*The data:*

________________________________________

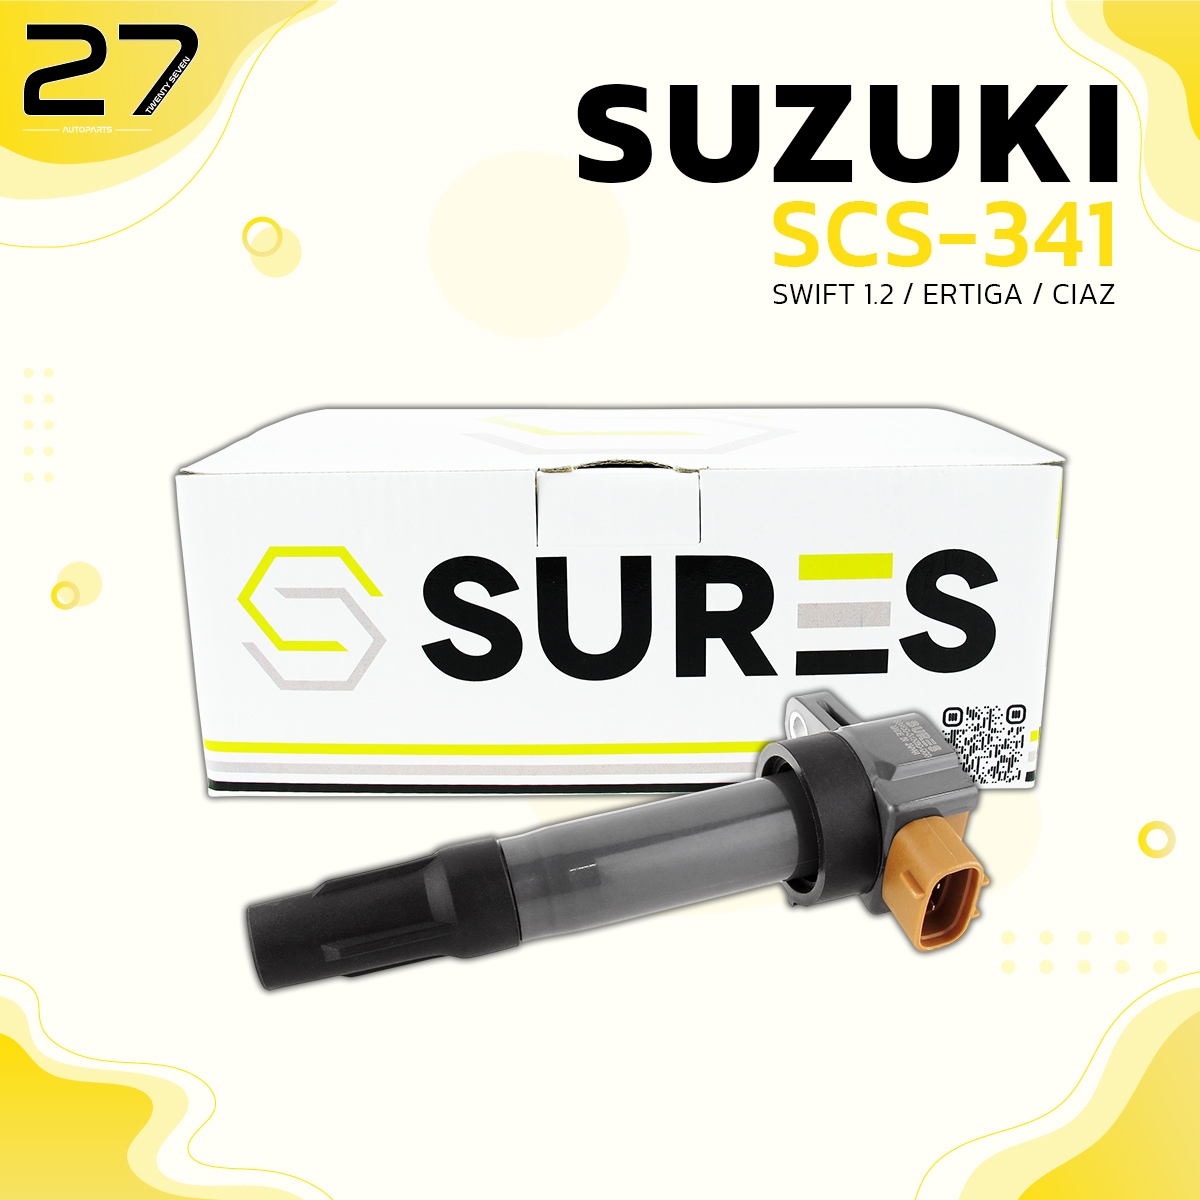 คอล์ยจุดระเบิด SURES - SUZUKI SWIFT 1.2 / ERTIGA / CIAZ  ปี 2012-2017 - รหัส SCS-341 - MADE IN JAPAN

________________________________________

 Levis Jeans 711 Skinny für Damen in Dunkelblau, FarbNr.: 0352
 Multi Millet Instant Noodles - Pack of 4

________________________________________

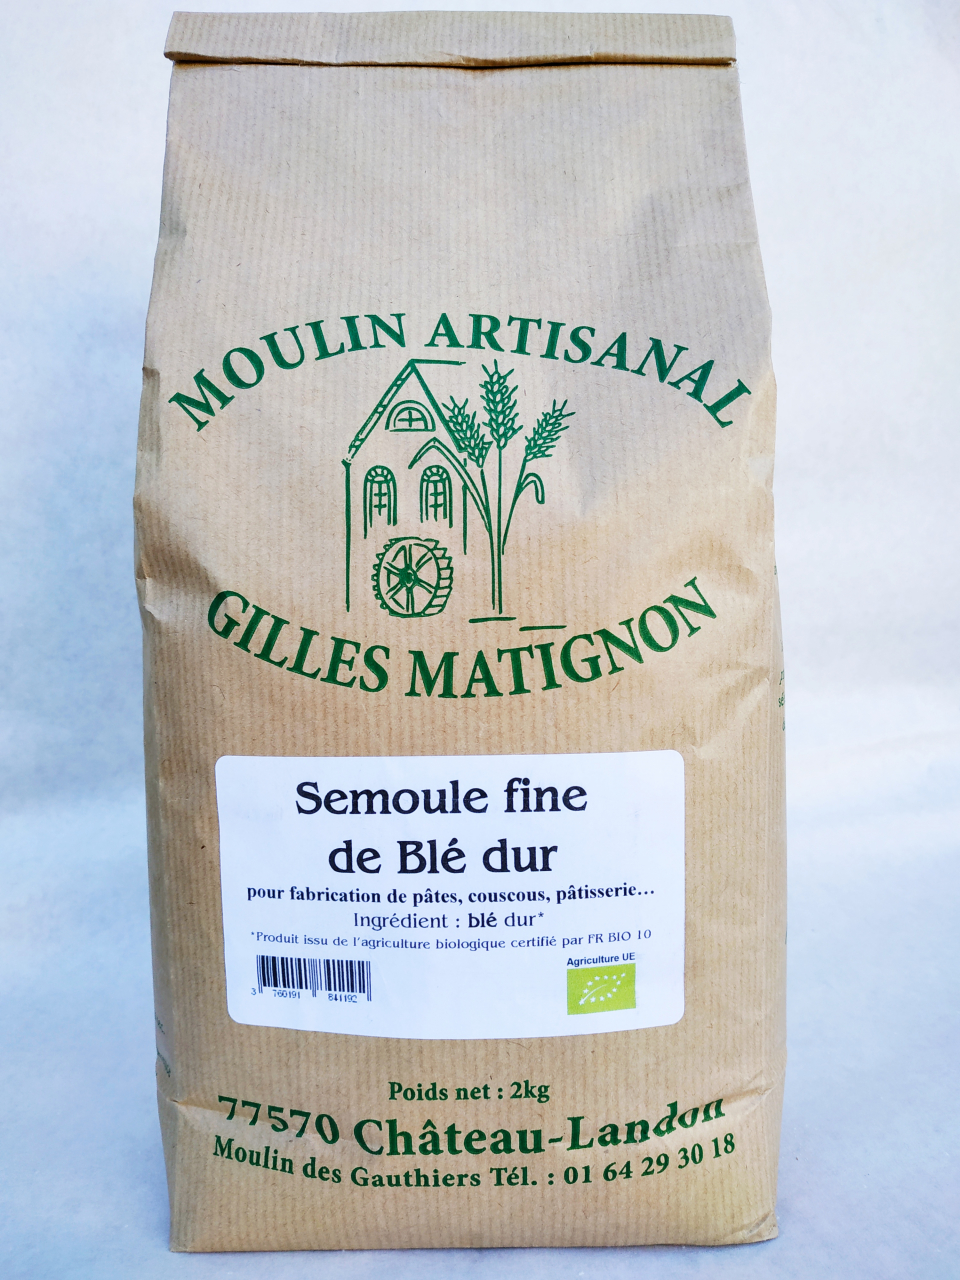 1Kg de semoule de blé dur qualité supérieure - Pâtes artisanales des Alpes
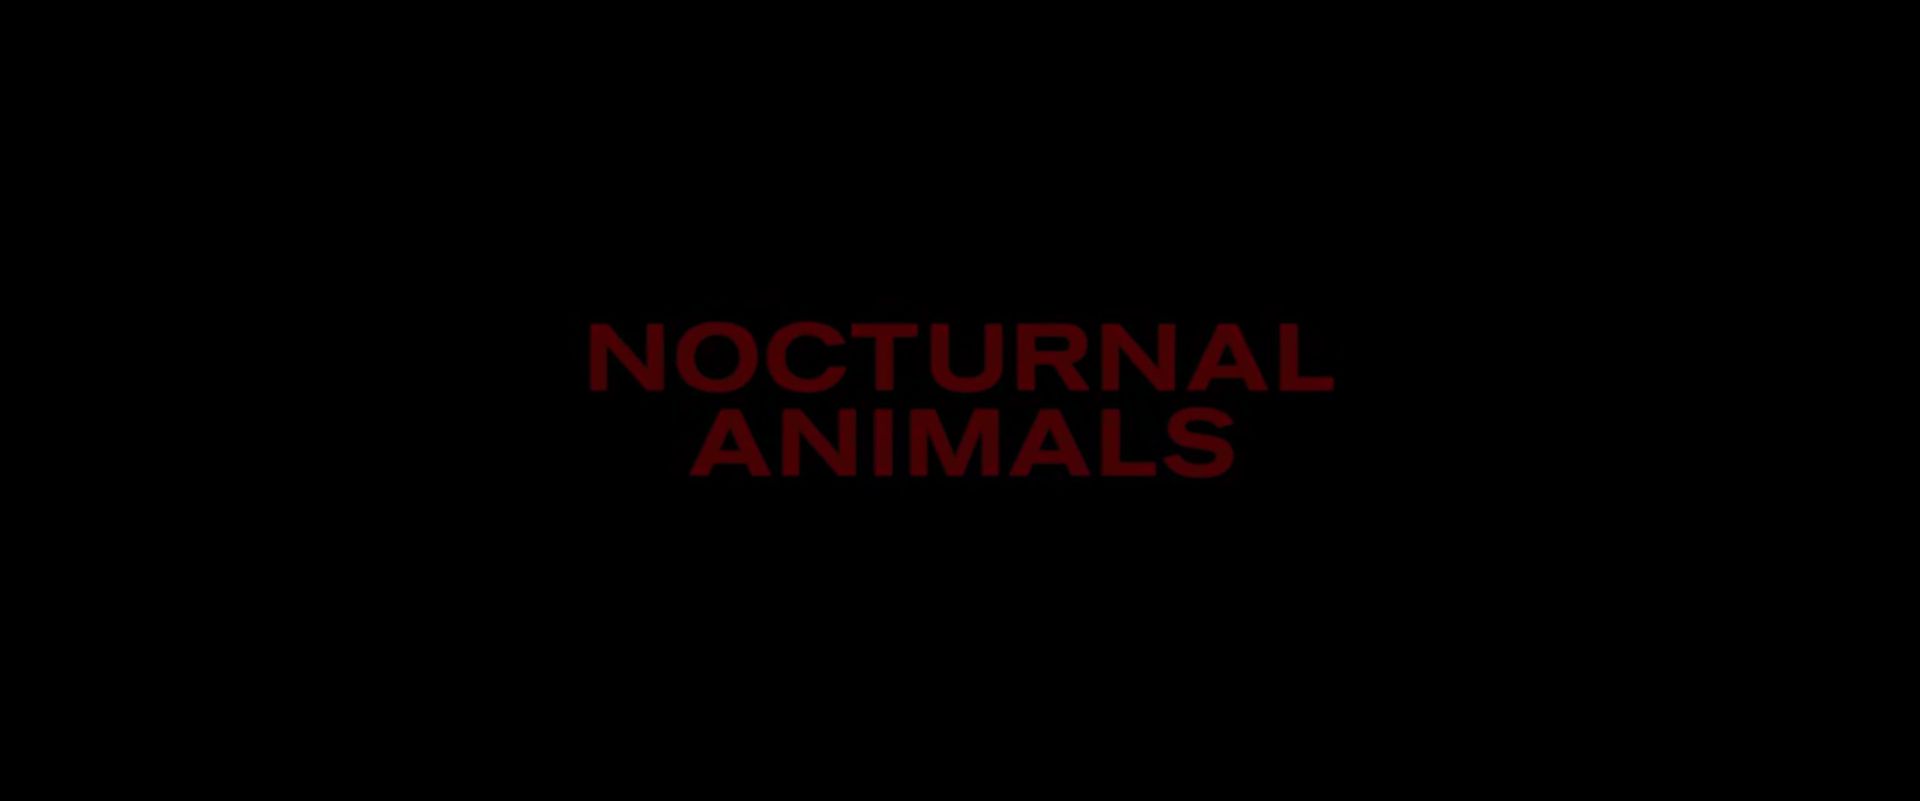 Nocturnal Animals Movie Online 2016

________________________________________

*The task:* Look above for the line with "1Kg de semoule" and the line with "Nocturnal Animals Movie Online 2016"; set down those two lines and all lines between them exactly, without pictures and without anything else.

*Your response:*
 1Kg de semoule de blé dur qualité supérieure - Pâtes artisanales des Alpes
 Nocturnal Animals Movie Online 2016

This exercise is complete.